> **Task to complete**
Excerpt from the entries below: please repeat exactly the lines from the one containing "Hand with yellow" through the last one, both ends included, with no pictures.

> **Data listing**
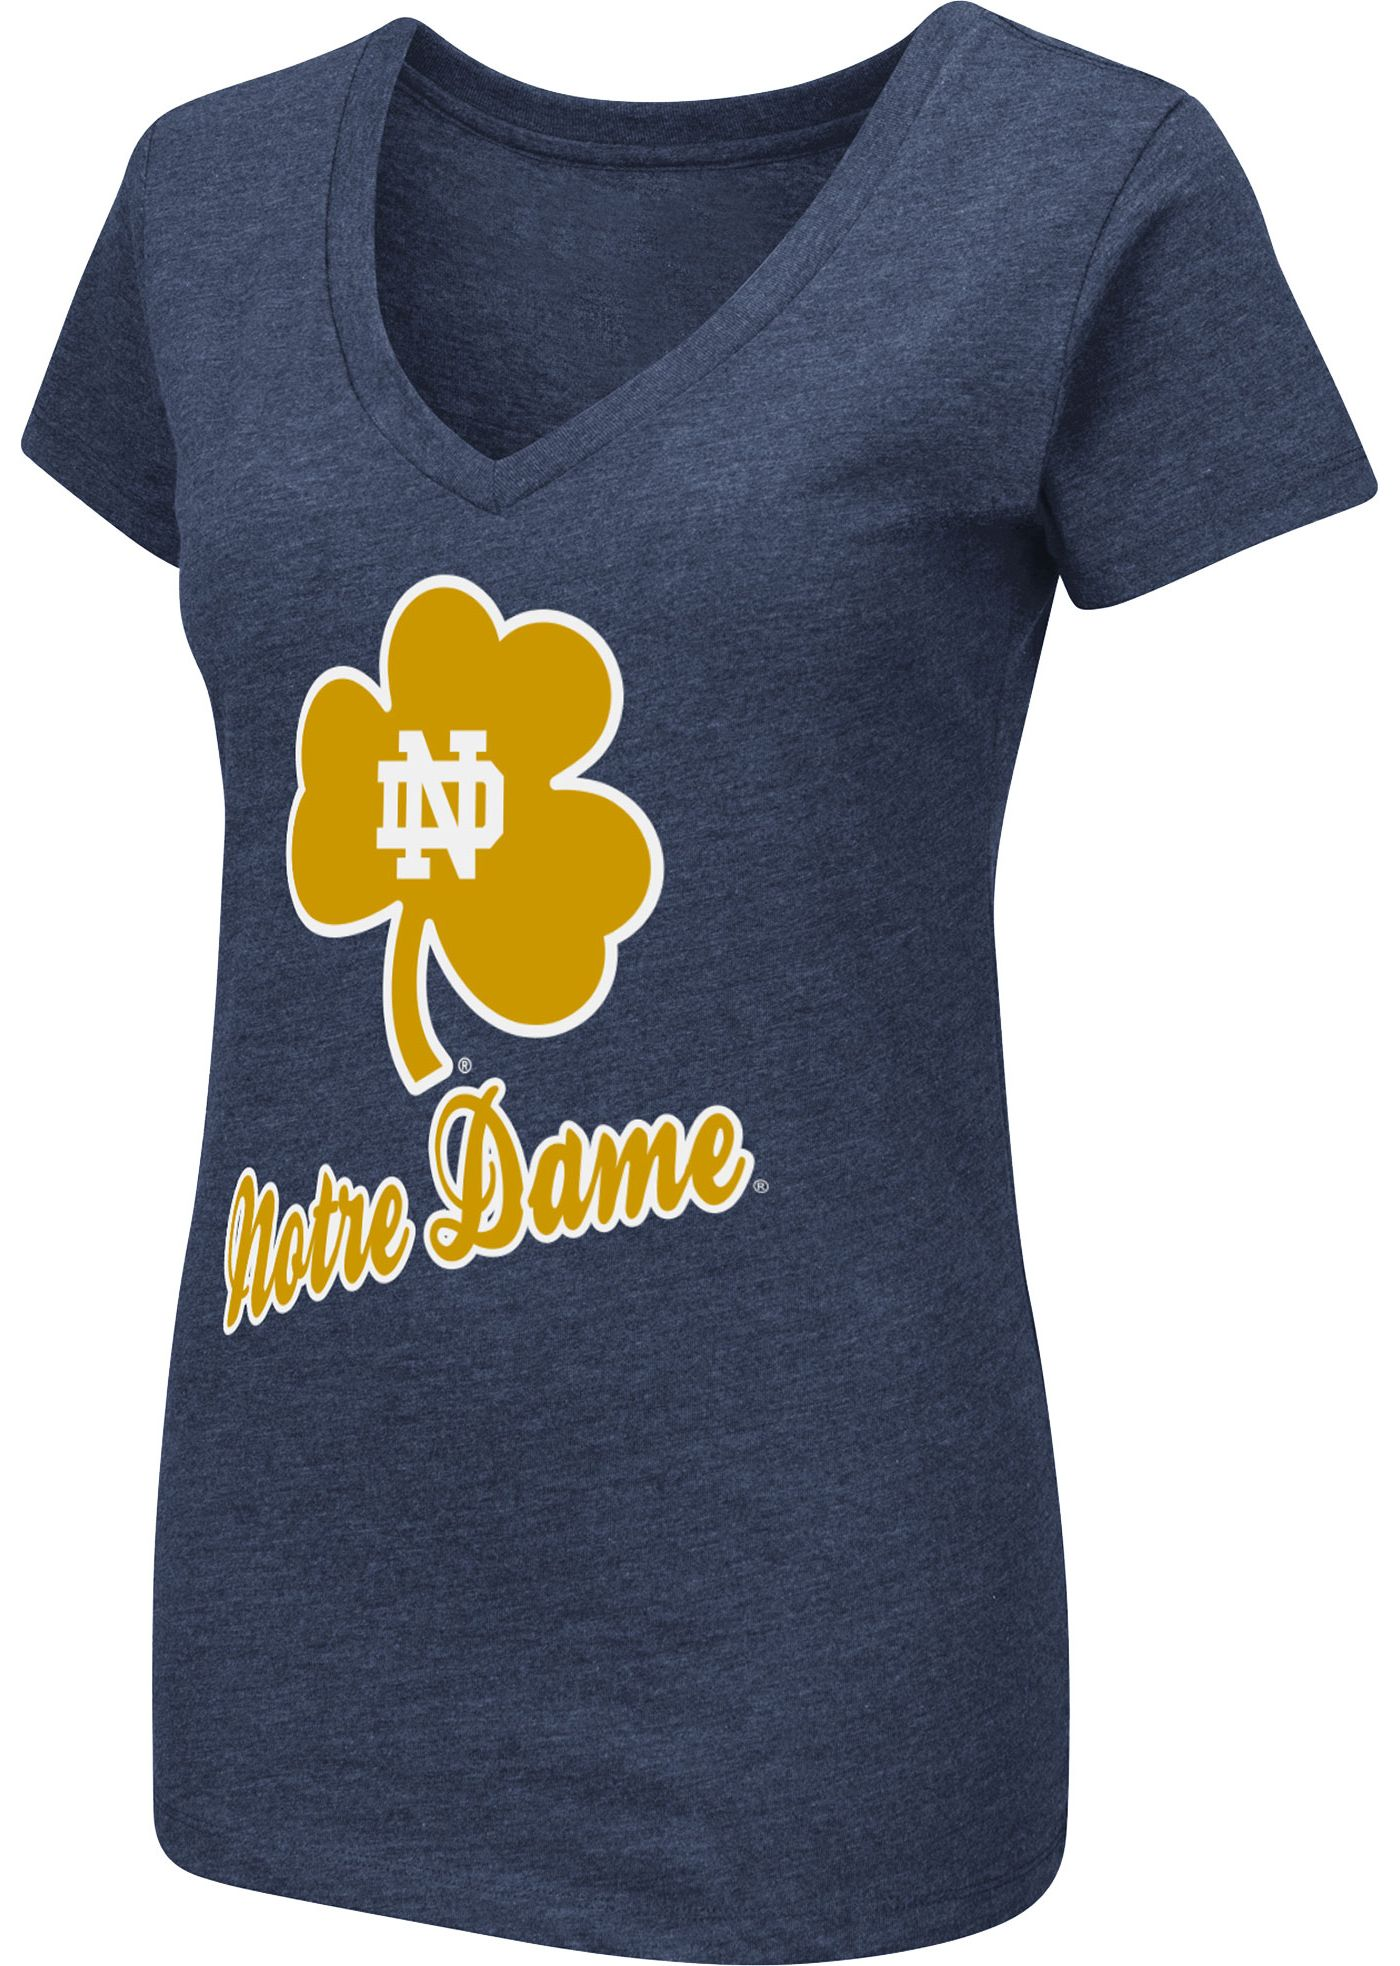 Colosseum Women's Notre Dame Fighting Irish Navy Dual Blend V-Neck T-Shirt
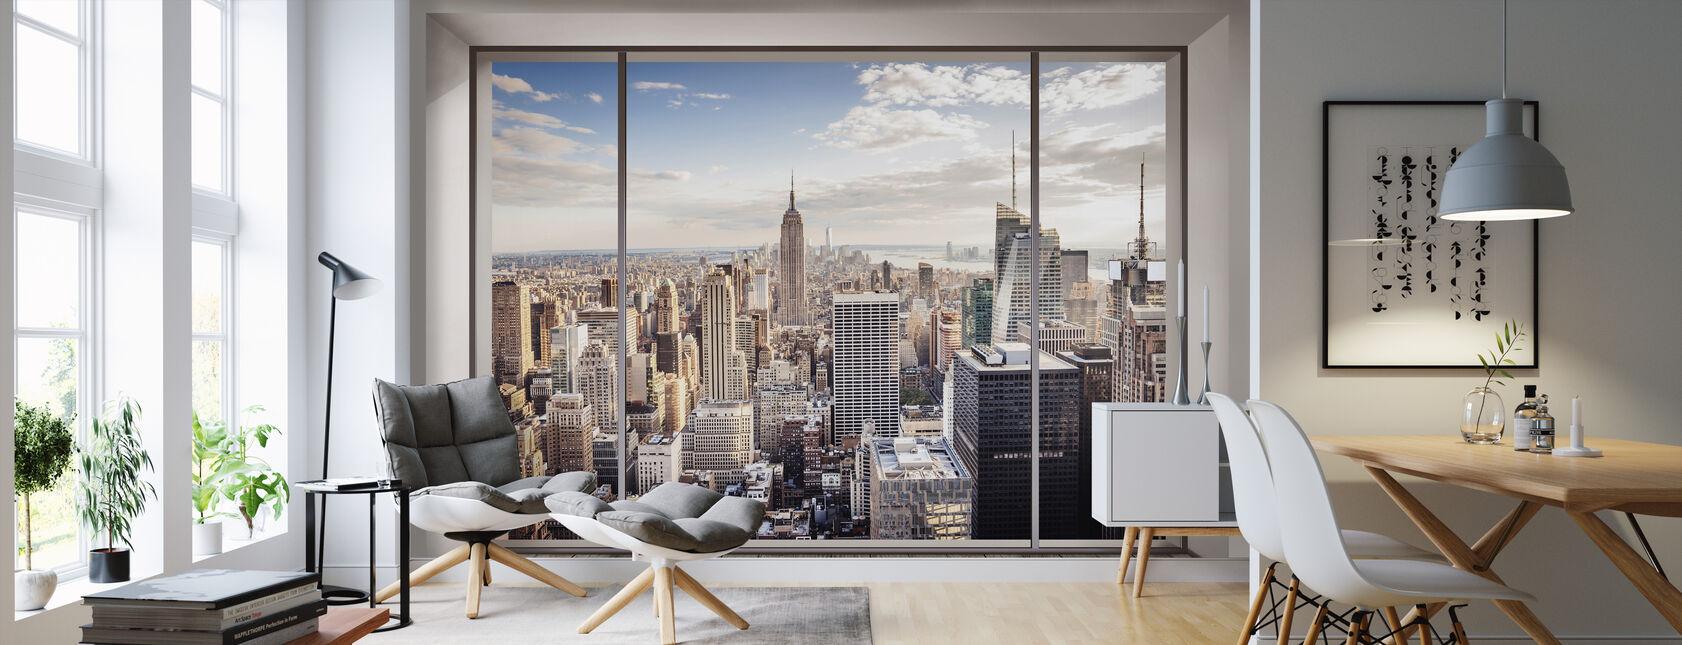 Manhattan Skyline - Wallpaper - Living Room
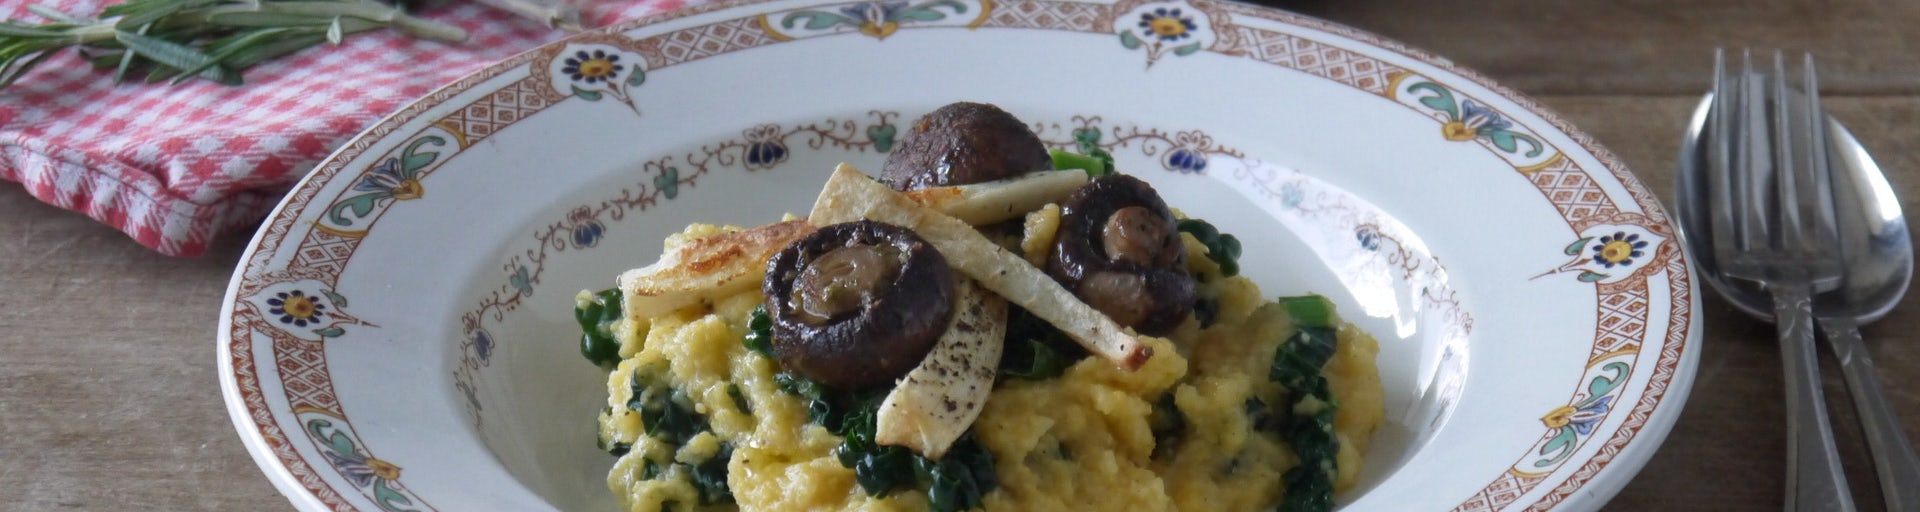 Wk 49 polenta da bomb champignons pastinaakfriet FP
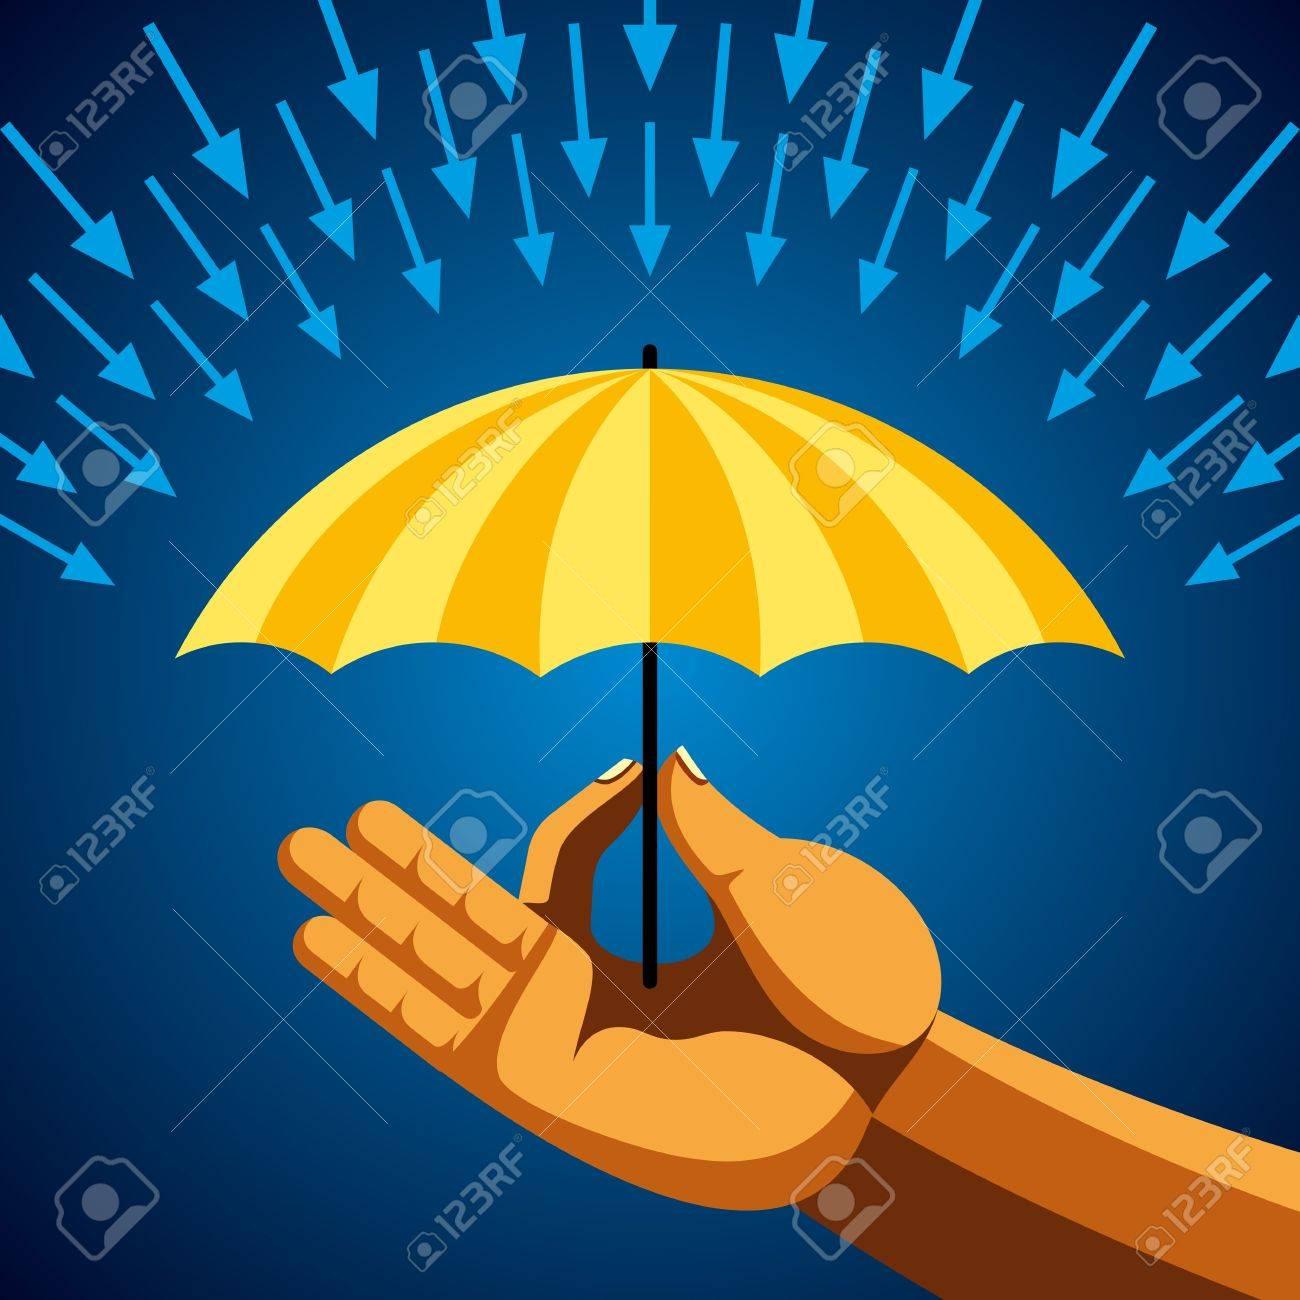 Hand with yellow umbrella Stock Vector - 18181441
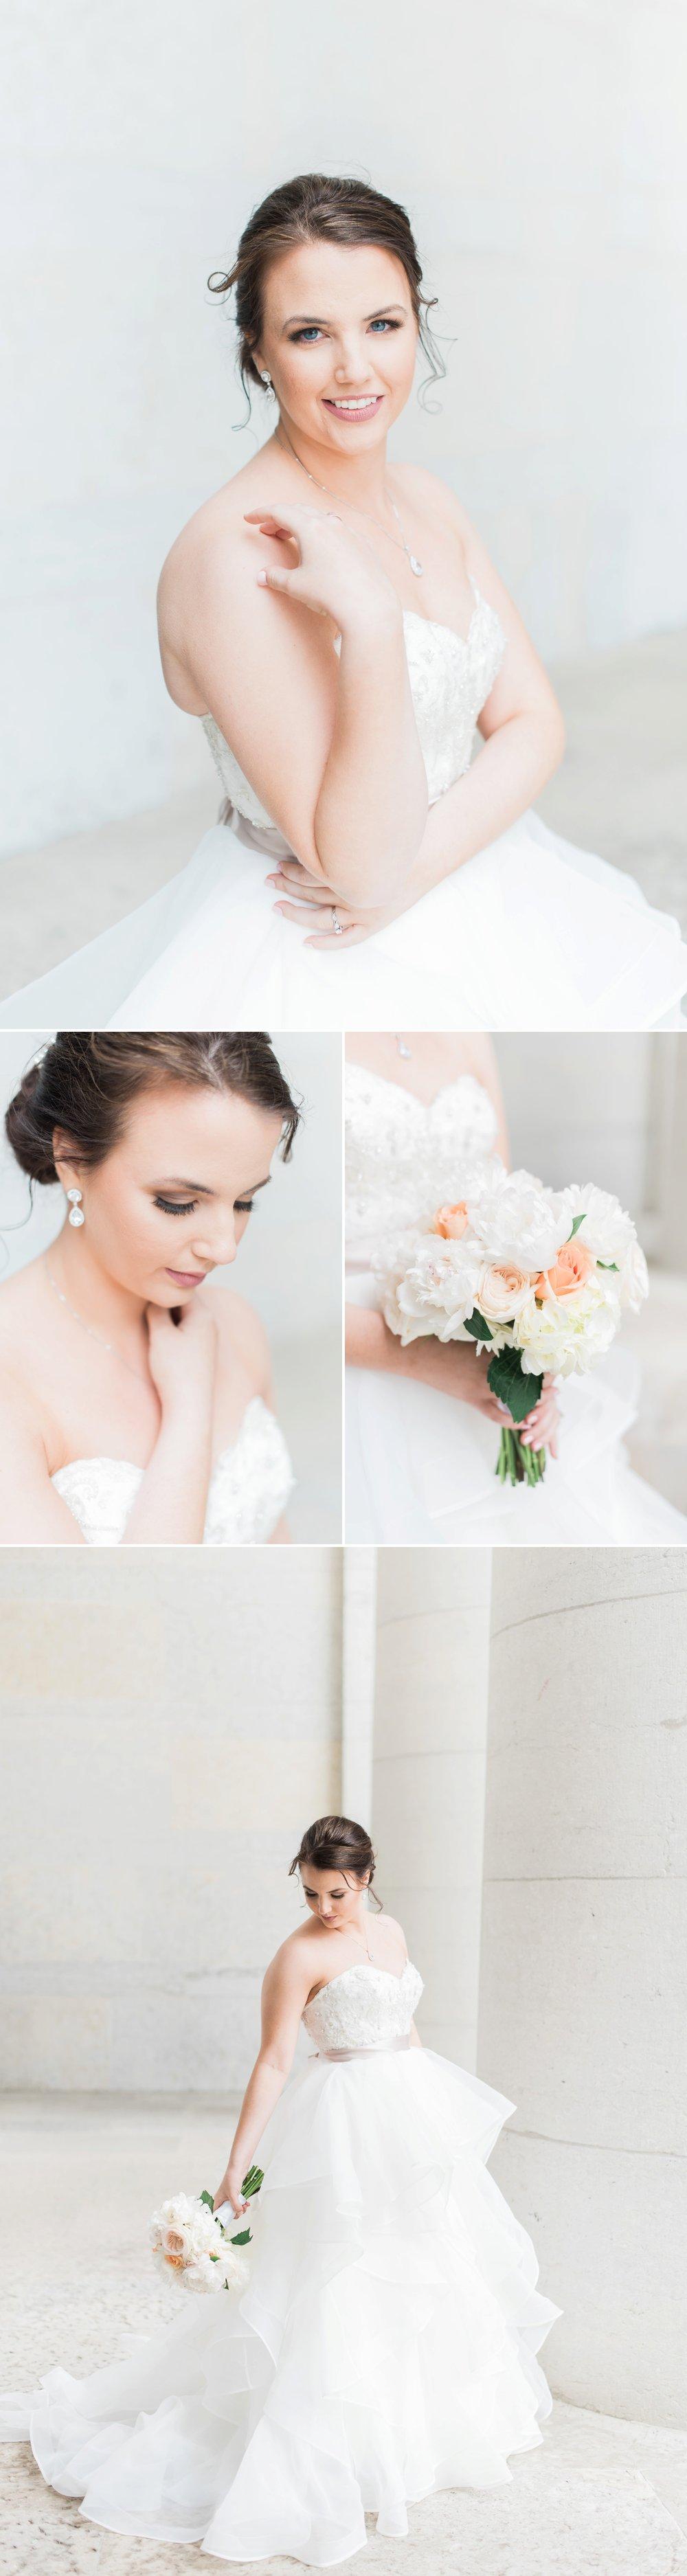 the-vault-columbus-ohio-wedding-emily-chris_0020.jpg
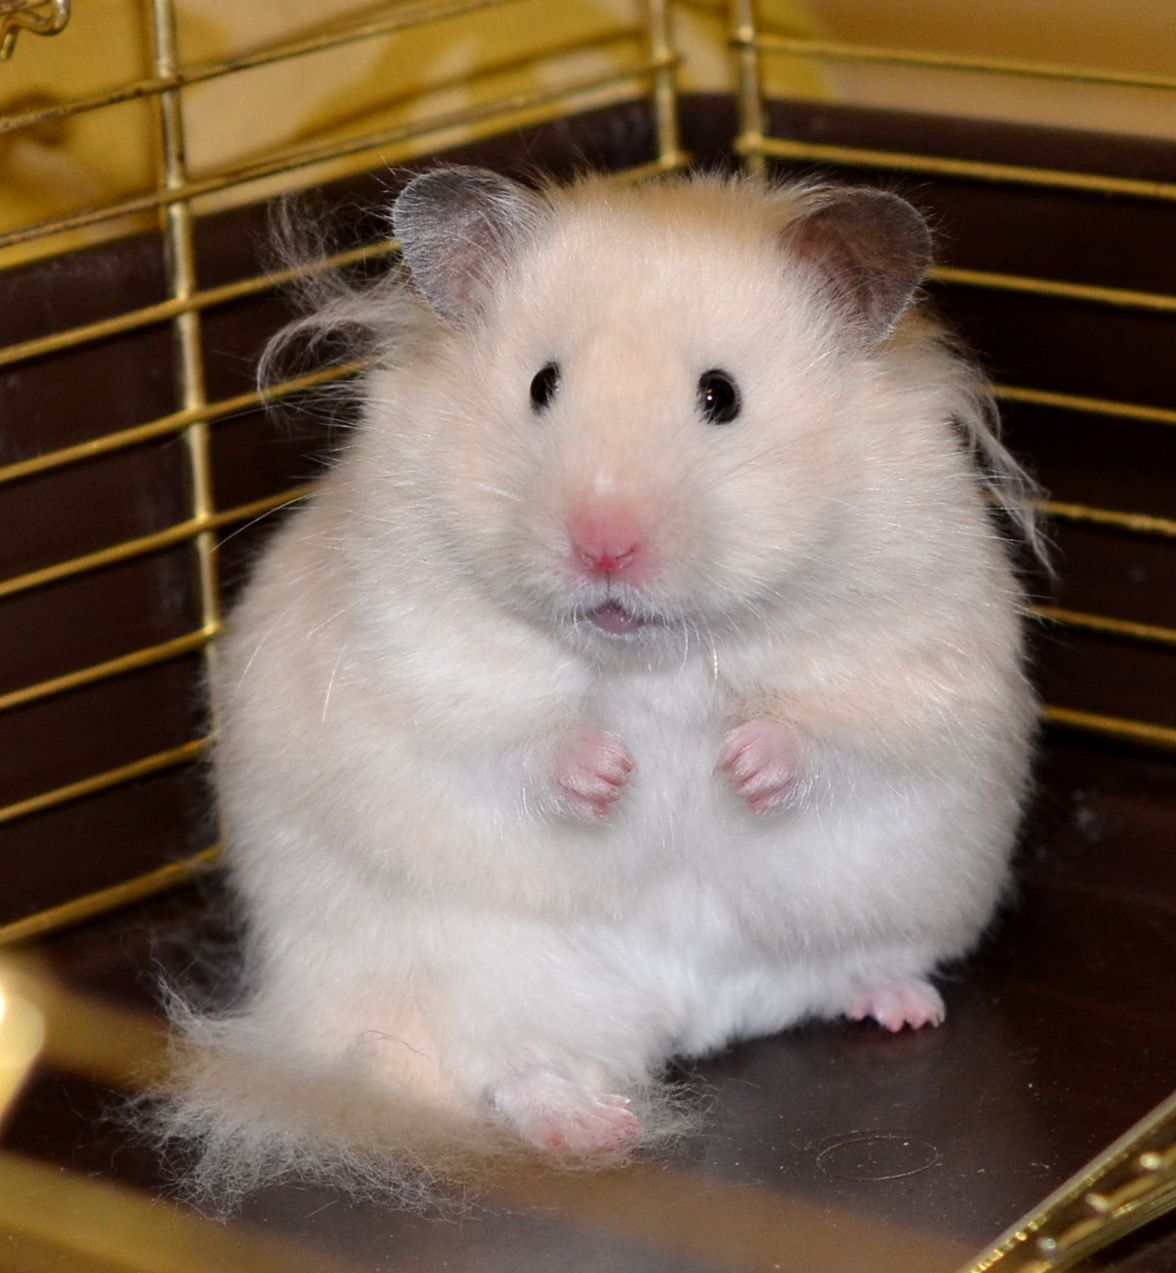 Greta Gwendolyn Long Haired Off White Female C J Johtela Funny Hamsters Syrian Hamster Cute Hamsters

> **Response to the task**
 Hand with yellow umbrella Stock Vector - 18181441
 the-vault-columbus-ohio-wedding-emily-chris_0020.jpg
 Greta Gwendolyn Long Haired Off White Female C J Johtela Funny Hamsters Syrian Hamster Cute Hamsters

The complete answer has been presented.